SUPPLIED INFORMATION =
════════

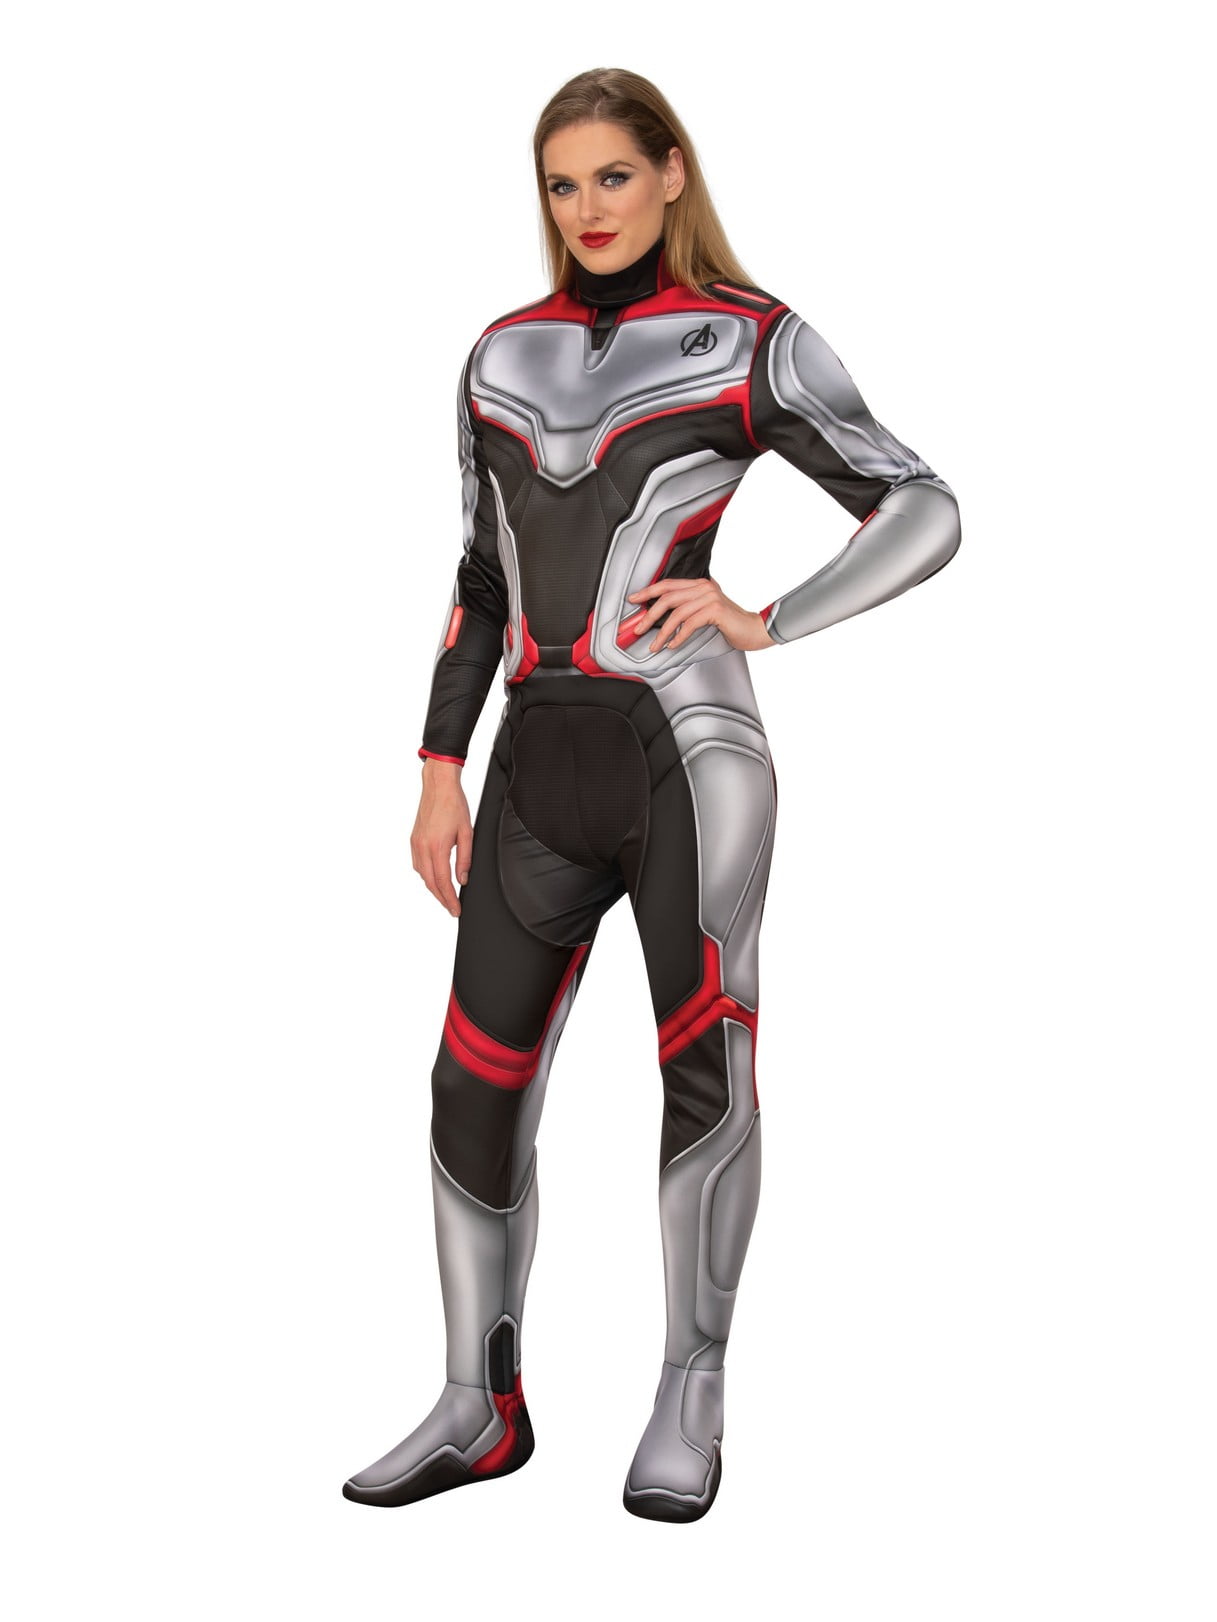 Avengers 4 Endgame Quantum Suit Costume Kids Boys Girls Halloween Cosplay 
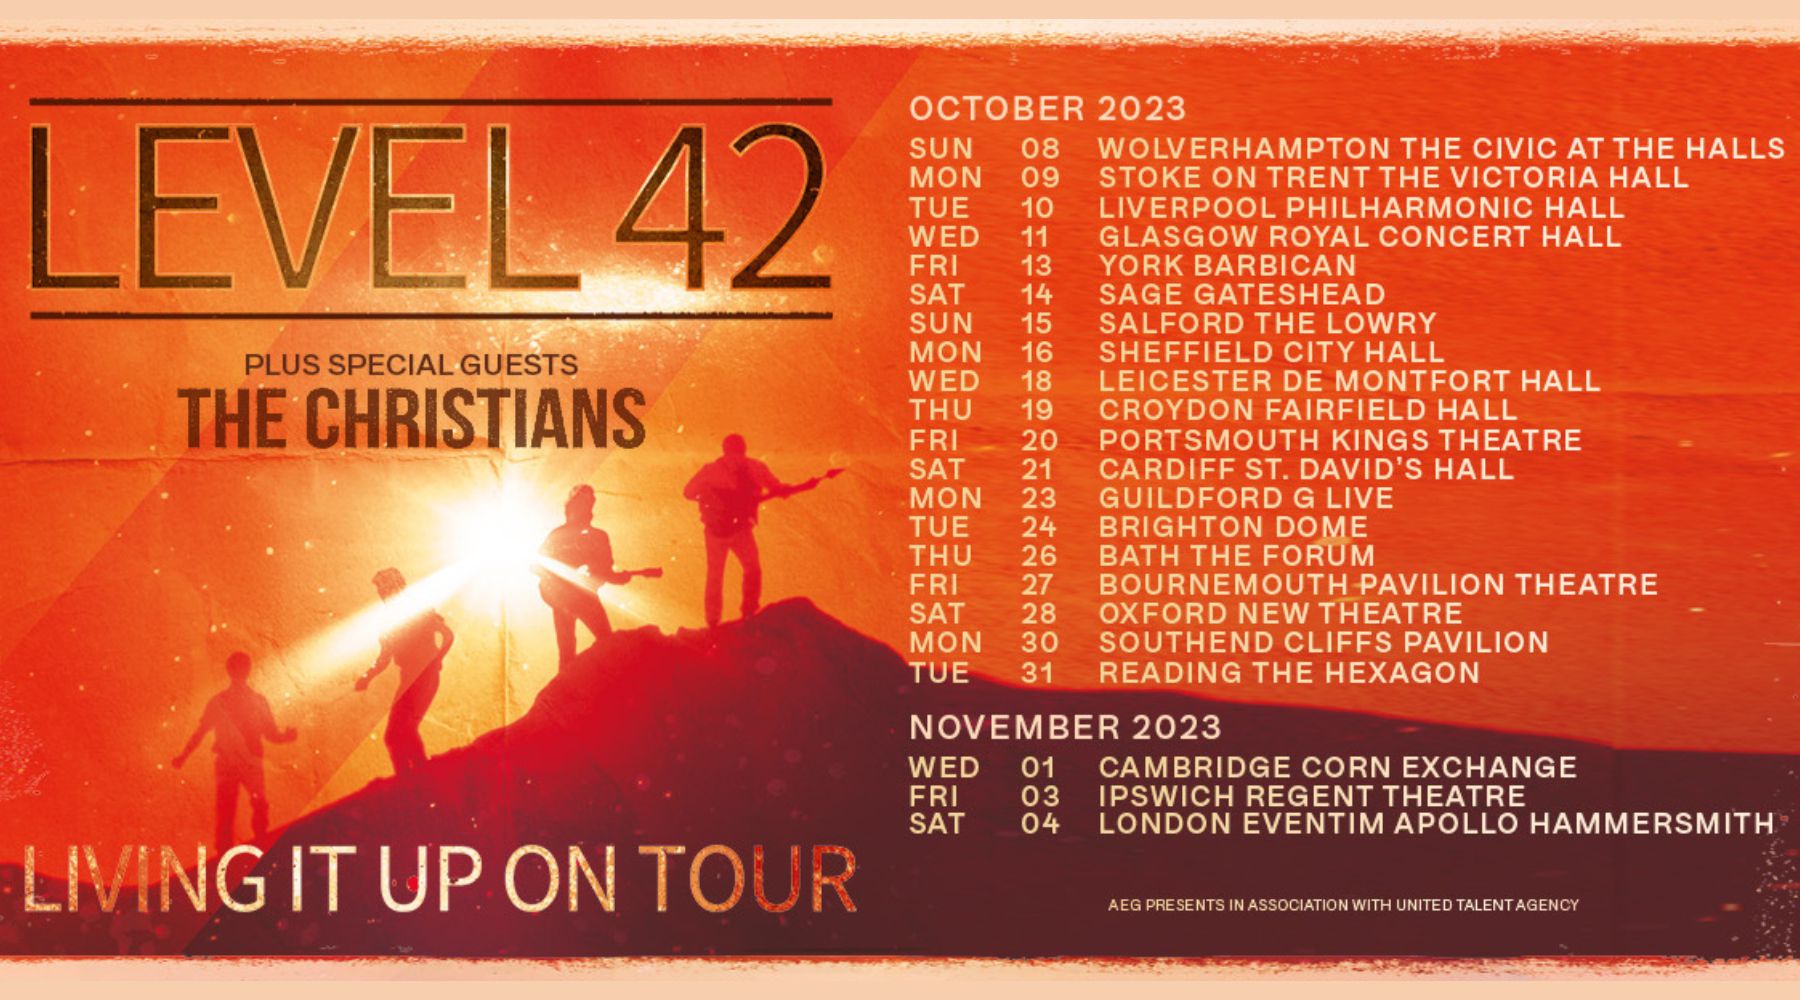 level 42 tour poster
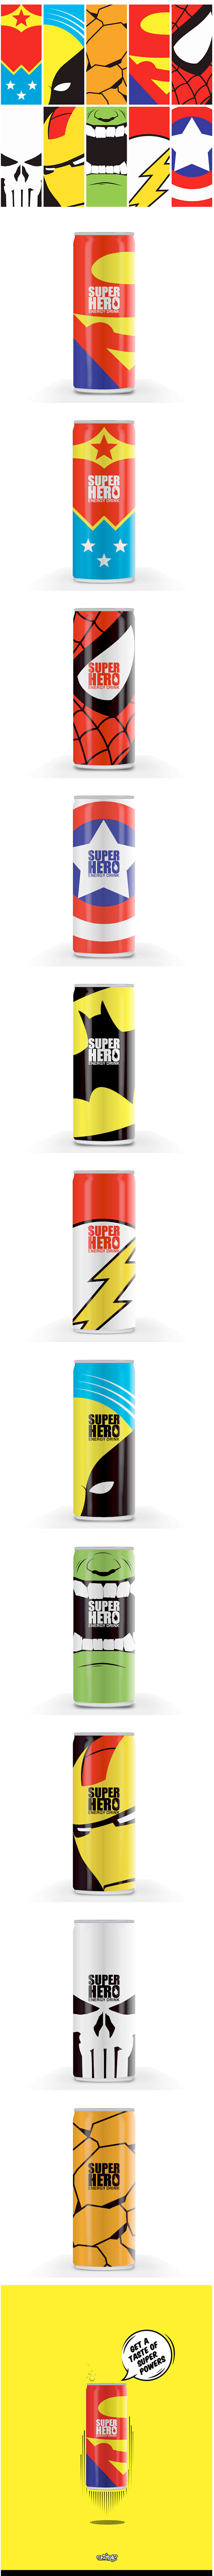 Concept: Super Hero能...

════════

EXERCISE = Every line above should be duplicated exactly; the pictures are to be left out.

WRITTEN RESPONSE =
 Avengers 4 Endgame Quantum Suit Costume Kids Boys Girls Halloween Cosplay 
 level 42 tour poster
 Concept: Super Hero能...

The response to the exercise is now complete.